Where on earth, or in the current on the verge of breaking army as reported by Fred Kaplan in Slate, Romney plans on rounding up another 100,000 boots to fight is as unclear as is deciphering whether his recent campaign utterances should be understood in the context of bloated primary rhetoric, to rally his perceived base, or true political conviction to inspire the nation.

Because of his hard-charging and unqualified views, it is Romney who is forcing curious journalists to badger him over how much of his platform is based on theology and how much on reality — not the other way around.

After nearly eight years of a president who has justified his messianic foreign policy adventurism on the assumption that “freedom is God’s gift to humanity” right-thinking and wrong-thinking Americans have every right to know precisely what Romney is thinking when it comes to proposing an escalation of the so far unsuccessful military-solution to Iraq.

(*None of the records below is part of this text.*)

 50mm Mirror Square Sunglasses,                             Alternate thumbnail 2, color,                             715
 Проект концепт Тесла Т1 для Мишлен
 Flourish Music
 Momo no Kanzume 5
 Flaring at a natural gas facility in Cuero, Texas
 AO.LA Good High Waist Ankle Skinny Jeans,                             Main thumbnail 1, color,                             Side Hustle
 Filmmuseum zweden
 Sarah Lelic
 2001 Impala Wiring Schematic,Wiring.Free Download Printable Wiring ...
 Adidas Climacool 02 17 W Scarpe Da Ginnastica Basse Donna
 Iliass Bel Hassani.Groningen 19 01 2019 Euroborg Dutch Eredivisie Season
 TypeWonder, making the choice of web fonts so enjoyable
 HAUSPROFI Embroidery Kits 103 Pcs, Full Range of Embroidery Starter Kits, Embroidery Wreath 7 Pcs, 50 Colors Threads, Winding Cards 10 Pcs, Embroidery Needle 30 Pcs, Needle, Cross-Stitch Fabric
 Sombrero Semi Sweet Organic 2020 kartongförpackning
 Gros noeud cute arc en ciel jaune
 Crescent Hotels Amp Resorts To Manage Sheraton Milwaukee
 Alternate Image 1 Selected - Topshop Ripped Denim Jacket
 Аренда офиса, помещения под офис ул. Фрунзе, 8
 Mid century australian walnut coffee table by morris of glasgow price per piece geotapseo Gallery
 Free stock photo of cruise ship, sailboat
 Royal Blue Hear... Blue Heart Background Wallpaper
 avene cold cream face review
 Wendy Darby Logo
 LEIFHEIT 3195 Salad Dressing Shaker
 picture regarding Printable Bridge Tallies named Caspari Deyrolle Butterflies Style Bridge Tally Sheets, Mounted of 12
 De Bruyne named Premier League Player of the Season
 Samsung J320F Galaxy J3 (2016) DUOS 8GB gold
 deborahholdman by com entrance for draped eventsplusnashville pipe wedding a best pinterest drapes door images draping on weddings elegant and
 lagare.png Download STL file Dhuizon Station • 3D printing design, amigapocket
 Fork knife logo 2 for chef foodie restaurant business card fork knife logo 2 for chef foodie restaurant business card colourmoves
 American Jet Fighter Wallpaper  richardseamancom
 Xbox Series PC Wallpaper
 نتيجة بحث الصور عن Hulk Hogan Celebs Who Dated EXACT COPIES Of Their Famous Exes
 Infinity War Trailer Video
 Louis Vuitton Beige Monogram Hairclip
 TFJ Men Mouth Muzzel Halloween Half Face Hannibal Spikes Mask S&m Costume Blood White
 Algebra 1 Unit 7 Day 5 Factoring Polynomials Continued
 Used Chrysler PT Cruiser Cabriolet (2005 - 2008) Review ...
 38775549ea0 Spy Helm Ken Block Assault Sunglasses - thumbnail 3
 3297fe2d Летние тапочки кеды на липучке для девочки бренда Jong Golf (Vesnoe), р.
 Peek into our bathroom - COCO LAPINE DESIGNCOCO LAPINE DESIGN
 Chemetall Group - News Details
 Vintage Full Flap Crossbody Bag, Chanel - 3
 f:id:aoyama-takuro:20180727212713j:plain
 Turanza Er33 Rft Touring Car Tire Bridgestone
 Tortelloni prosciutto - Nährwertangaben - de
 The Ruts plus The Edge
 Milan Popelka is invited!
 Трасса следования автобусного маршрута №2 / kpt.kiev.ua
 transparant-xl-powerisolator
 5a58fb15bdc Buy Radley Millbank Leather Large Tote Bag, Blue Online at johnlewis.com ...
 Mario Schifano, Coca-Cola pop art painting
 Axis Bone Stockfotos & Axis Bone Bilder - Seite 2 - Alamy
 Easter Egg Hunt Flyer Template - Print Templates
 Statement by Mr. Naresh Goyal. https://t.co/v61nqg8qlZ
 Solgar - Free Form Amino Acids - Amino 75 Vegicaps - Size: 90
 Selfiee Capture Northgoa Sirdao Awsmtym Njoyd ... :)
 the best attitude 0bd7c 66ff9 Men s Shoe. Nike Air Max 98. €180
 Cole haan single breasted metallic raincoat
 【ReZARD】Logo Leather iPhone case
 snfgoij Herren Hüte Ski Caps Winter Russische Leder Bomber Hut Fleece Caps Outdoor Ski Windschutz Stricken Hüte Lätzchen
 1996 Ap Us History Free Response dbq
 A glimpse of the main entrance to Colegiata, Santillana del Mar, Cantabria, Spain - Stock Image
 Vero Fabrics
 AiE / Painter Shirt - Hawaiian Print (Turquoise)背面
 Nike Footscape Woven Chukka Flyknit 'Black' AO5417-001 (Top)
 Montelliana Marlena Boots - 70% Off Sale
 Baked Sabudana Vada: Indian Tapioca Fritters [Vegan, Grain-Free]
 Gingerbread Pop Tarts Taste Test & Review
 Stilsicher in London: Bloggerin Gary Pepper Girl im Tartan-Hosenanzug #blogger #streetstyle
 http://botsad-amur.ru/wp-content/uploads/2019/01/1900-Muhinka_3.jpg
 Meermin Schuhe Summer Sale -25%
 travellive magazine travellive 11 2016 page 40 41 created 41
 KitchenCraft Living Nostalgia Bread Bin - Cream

Richardson too, because of all his savoir-faire and plain-spoken man of experience brilliance, leaves me wondering about how much he would ultimately deliver on his steadfast promise as president to end the war through an immediate troop withdrawal.

(On the role of religion, prayer and their power to alter the course of big events, two weeks ago in Iowa Richardson told a national television audience that though he believed prayer was an important but ultimately private matter, he did not believe it or his Catholic faith could have changed the outcome of hurricane Katrina or the recent Minneapolis bridge disaster).

Nonetheless, would Richardson really bring the troops home toute suite, as he has promised in his stump speeches? Or would a man as well-versed in the rituals and obligations of international diplomacy own up to the perils of a precipitous withdrawal, and how turning our back on Iraq might forever cement America’s moral hypocrisy in the Arab world and Middle East; thus, jeopardizing U.S. authority to advance other vital geo-strategic goals of a President Richardson administration?

I don’t have the answers to these questions, only the respective candidates do.

But ignorance is no reason for any American not to continue to hector some clarity out of those running for the highest office in the land, at a time of great uncertainty, about which course to take is best and why before the less curious settle on anyone candidate for either party’s nomination.

Before the die is cast, it’s critical that voters extract precise answers from the candidates now, not later when the best and the brightest stand to be silenced by a superficial primary process more attuned to raising the self-importance of a handful of states than letting the cream rise to the top.